I’ve since had people in to replace the broken windows. I have also replaced my computer. Some of my books I was able to salvage by patiently pasting the pages back between the covers and returning them to their alphabetical order on my shelves. The kitchen had been swimming in red pools of wine and broken glass from where I had hurled the expensive bottles around the room. I have replaced my stock, and once again arranged the bottles on the wine rack according to vintage and grape. Most of the fine artwork that had lined my walls had been in shreds throughout the rooms. Almost all of the furniture had been overturned but was still useable once I had put everything back into order.

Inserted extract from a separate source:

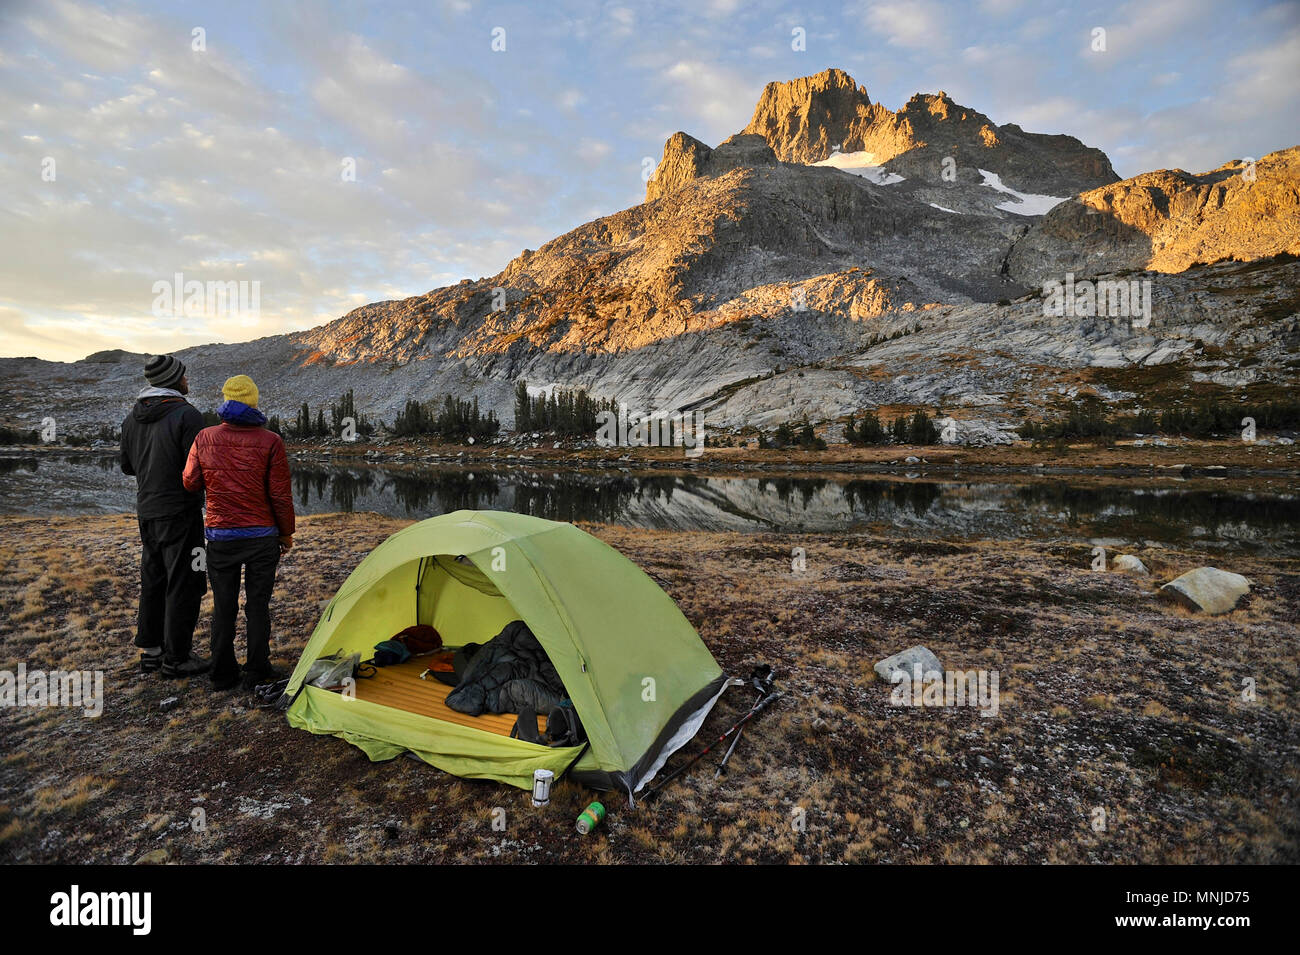 Backpackers camp near Thousand Island Lake with Banner Peak in background on trek of Sierra High Route in Minarets Wilderness, Inyo National Forest, California, USA Stock Photo

I take back what I wrote before. I do need people. Right now I would even settle for enemies, never mind friends and family. It surely can’t be right to be completely isolated like this. It almost makes me think that I should go to the police immediately, tell them everything, show them the money hidden away under my floorboards. When the story hits the papers, people who know me might come forward and I will discover who I was. There must be some people out there who know me. My passport clearly states that I am thirty-three. I must, therefore, have existed in some form before last month, even if I can’t remember it.

But I must not overreact; I must remain calm. It is not the end of the world to have lost Stephomi’s card. I have managed for several weeks on my own, and I will simply continue to do so. I must not be resentful. Bitter feelings will not lead me anywhere good. I know I left the card on the table, but perhaps the windows had been open before I smashed them from their frames; perhaps the card had been caught up in a freak breeze and swept out of the window. That was the only sensible explanation. And it was surely no more than a strange coincidence that the table, when I put it back together, seemed to have scorch marks on its surface. Those marks were surely old ones, made long ago if only I could remember the occasion.